Greta tinha previsto uma viagem bem mais simples. A cimeira do clima estava programada para o Chile e a jovem sueca pensava, apenas, ser acompanhada pelo pai numa viagem de barco, sem sair do continente americano. Mas o Chile está a ferro e fogo e tal como a final da Libertadores fora mudada para o Peru, a reunião mundial sobre o clima passou para Madrid. Por isso, Greta atravessou os Estados Unidos, de automóvel elétrico, e rumou para a Europa, num katamaran milionário de um jovem casal australiano, que levou vinte e um dias a chegar a Lisboa.
Apesar do tédio televisivo das últimas horas da travessia, com uma entrada na cidade iluminada por um sol, de dezembro, intenso e brilhante, quase todos os canais de televisão portugueses se ocuparam do que consideraram ser um universal acontecimento, transmitindo, em direto, filmando acenos e gestos vagos, sublinhados por repetitivas considerações de quem, verdadeiramente, não tinha nada a dizer, de novo .
Nos dias que se seguiram, ficámos a saber por onde andou, o que fez, o que comeu, o que disse a menina que desembarcou com um cartaz em sueco onde pretendia justificar a sua prolongada greve escolar com uma atitude de alerta político contra a falta de sensibilidade dos governantes mundiais perante as graves alterações climáticas no planeta.

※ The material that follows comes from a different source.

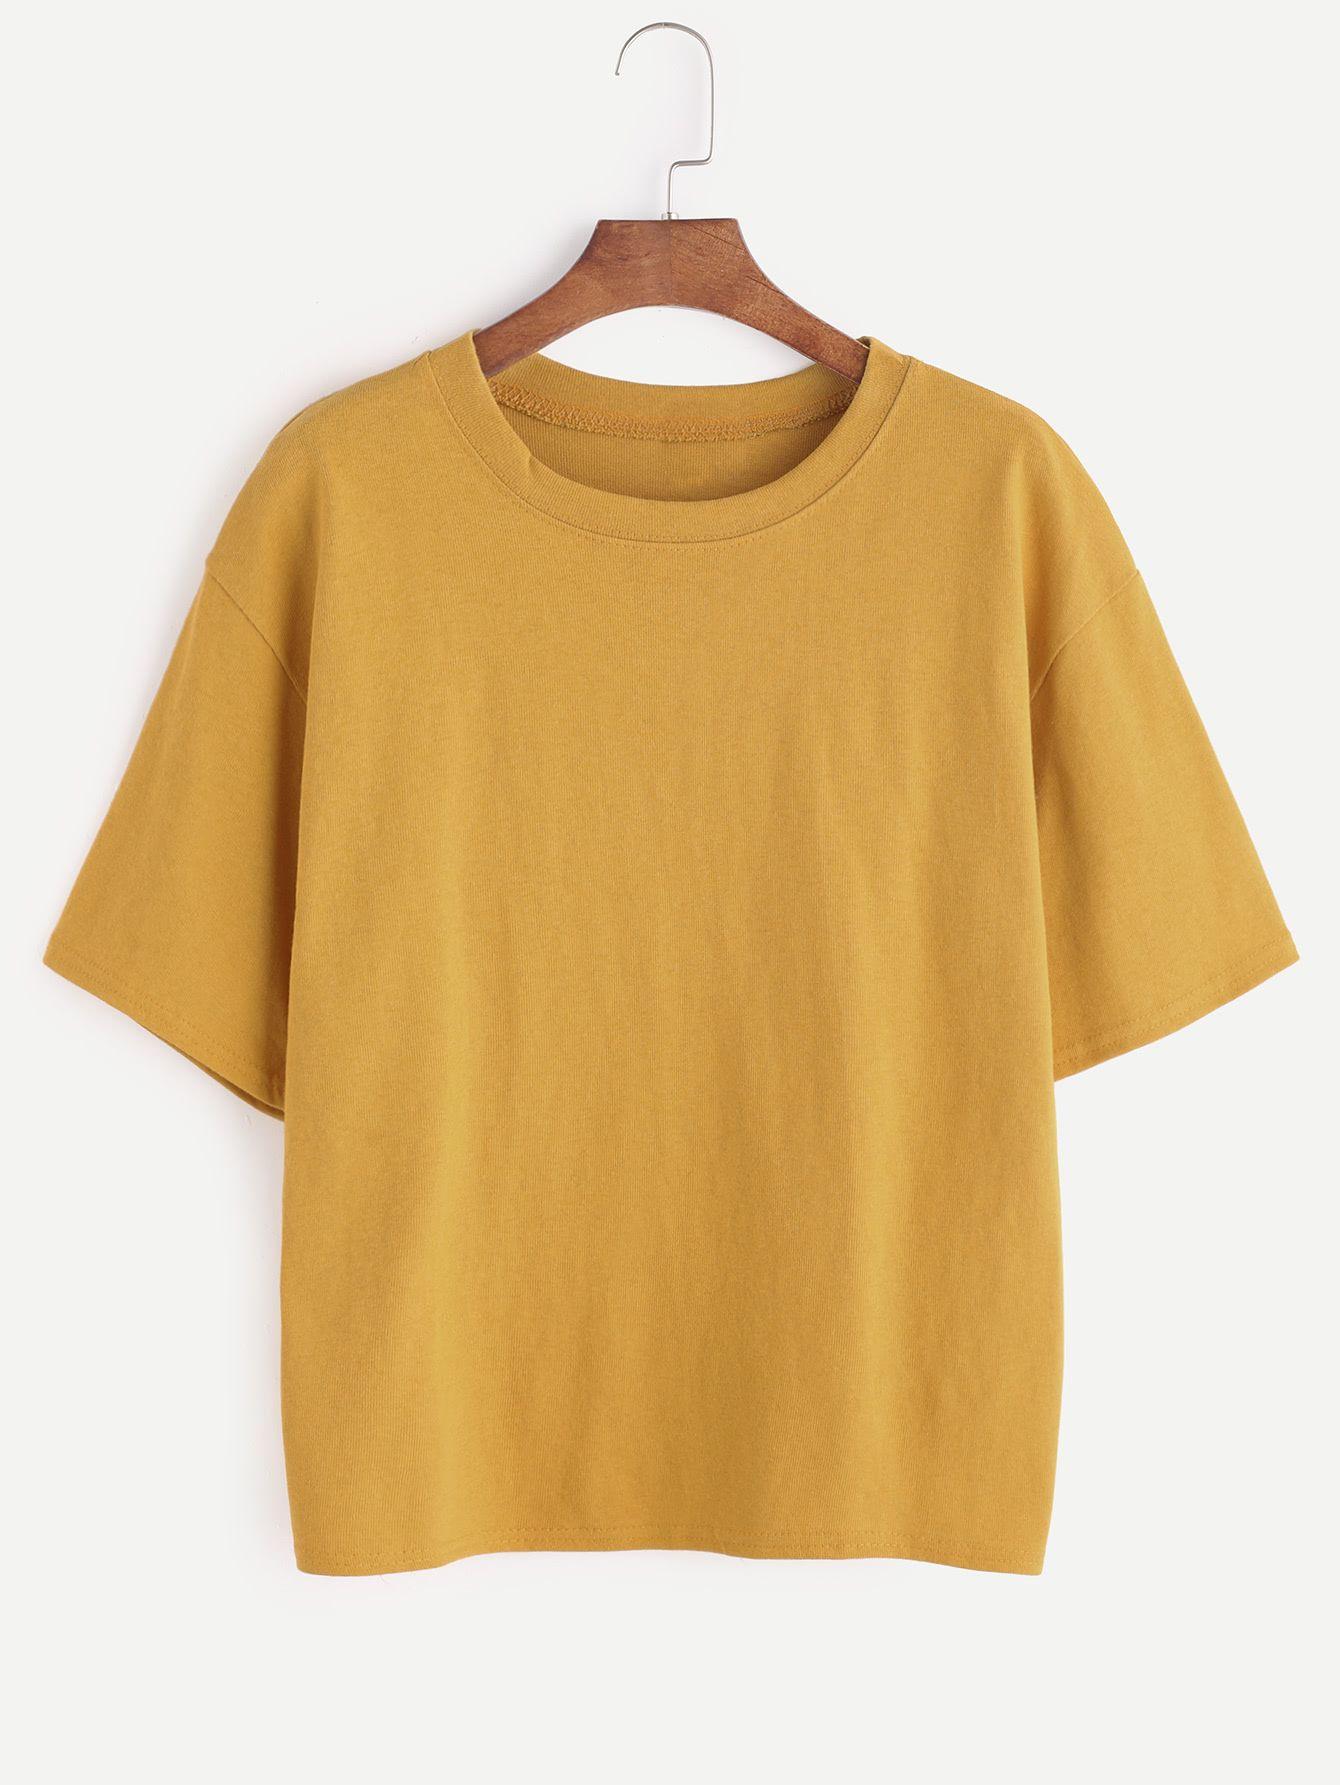 Yellow Aesthetic Shirts - Nils Stucki Kieferorthopäde
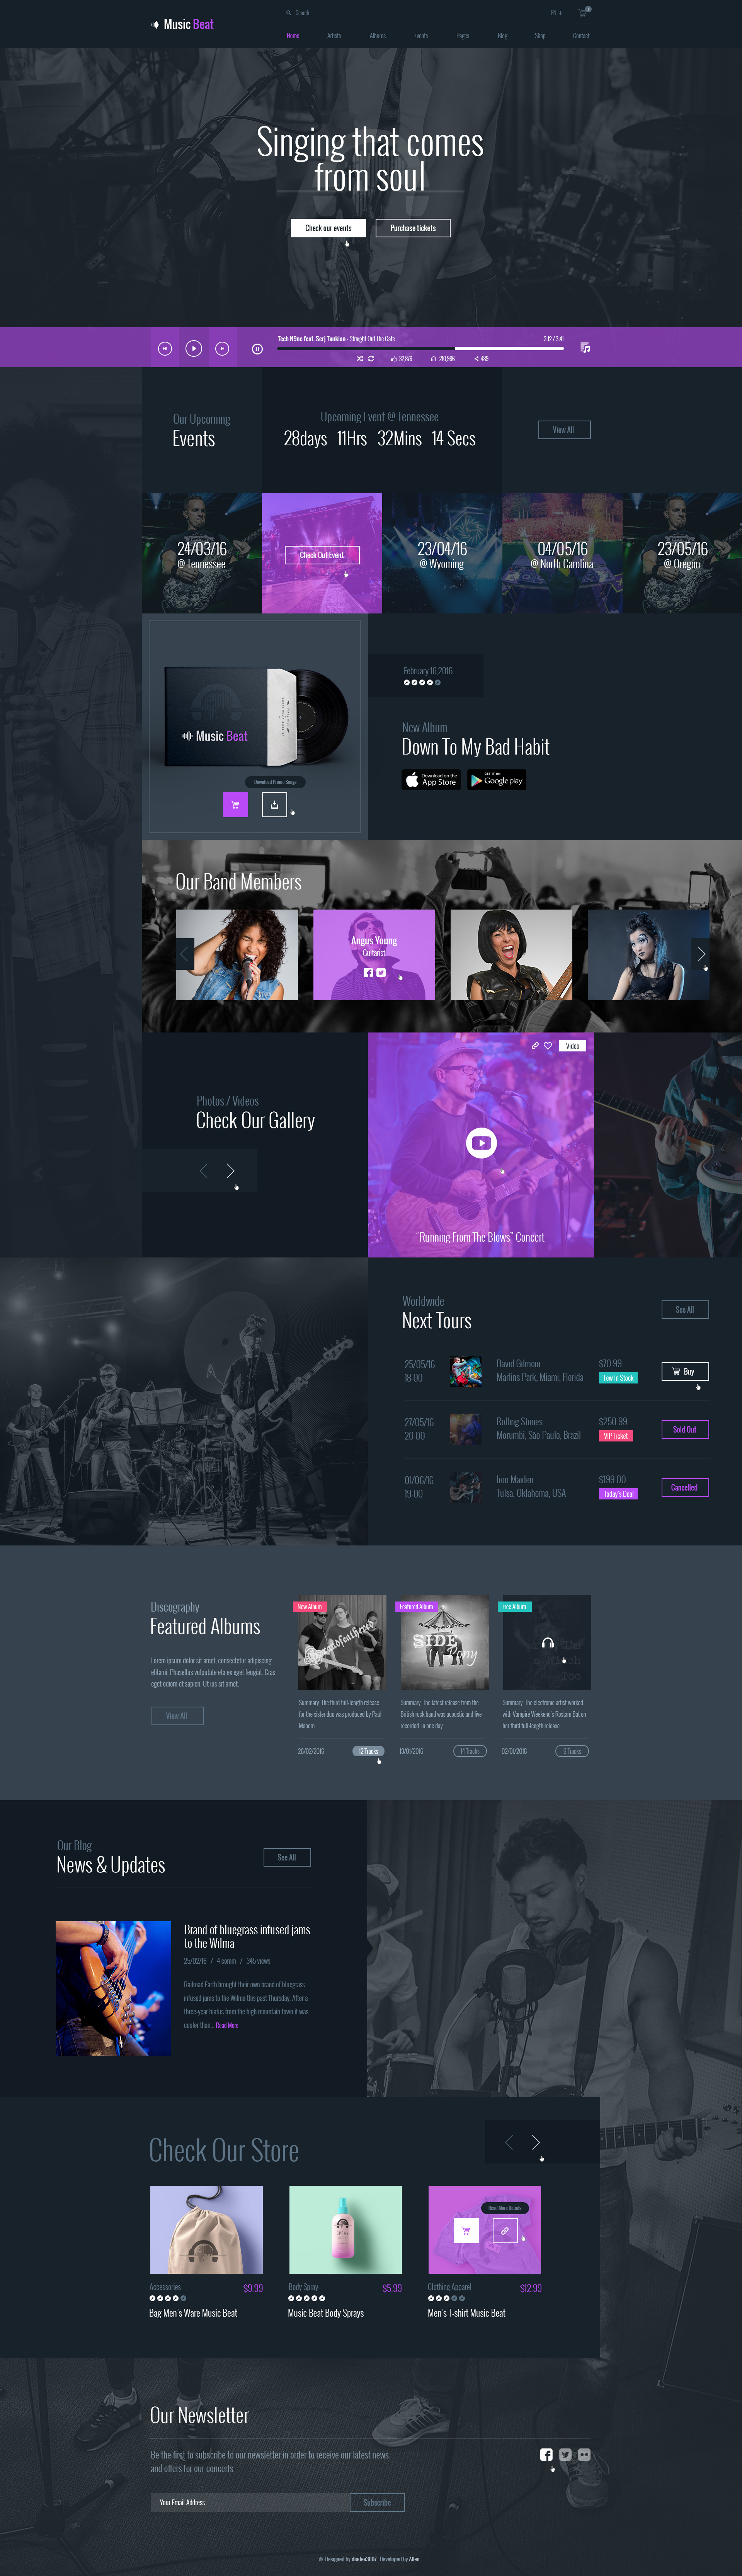 MusicBeat designed by #diadea3007 for #music bands #artist #website #multipurpose #purple #html

Na última quinta-feira, Greta seguiu, finalmente, para Madrid. Mais de dez horas de comboio até Chamartin, não chamaram devidamente a atenção para o escândalo de uma linha férrea obsoleta e de umas desajeitadas carruagens do século passado.
À chegada, uma multidão de jornalistas tornou o momento de tal forma infernal, que chegou a criar uma situação caótica, assustando quem por ali passava. Sem fazer qualquer declaração pública, Greta seguiu com o seu pai, Svante, que, pelos vistos, também estará em greve, do que quer que seja, para acompanhar a filha nas horas mortas e nos acenos ao povo embasbacado.
Enfim; se notam, por esta prosa, algum sinal de ironia e de crítica, notaram bem. Não consigo deixar de ser visceralmente contra as crianças amestradas. Sejam elas precoces artistas de telenovela, prometedores jogadores de futebol, robotizadas ginastas olímpicas, de nota 10, ou ativistas políticos a tempo inteiro. Porém, sou totalmente a favor da luta contra as principais causas que levam à degradação do clima, tal como sou a favor do teatro, do cinema, do futebol ou da ginástica. Mas repudio o aproveitamento das criancinhas, não raras vezes patrocinadas pela desmedida ambição de pais medíocres. Medíocres como pais e medíocres como cidadãos.
Acredito que Greta tenha vocação sincera para vir a fazer o que hoje faz, mas não acredito na seriedade de um show business das grandes causas sociais.
Em Madrid, Greta juntou-se a Kicyprya Kanguijam, uma menina indiana de apenas oito anos de idade e que, tal como a jovem sueca, é já uma popular ativista da causa climática. Pior do que uma ativista profissional, de dezasseis anos, só uma ativista de oito.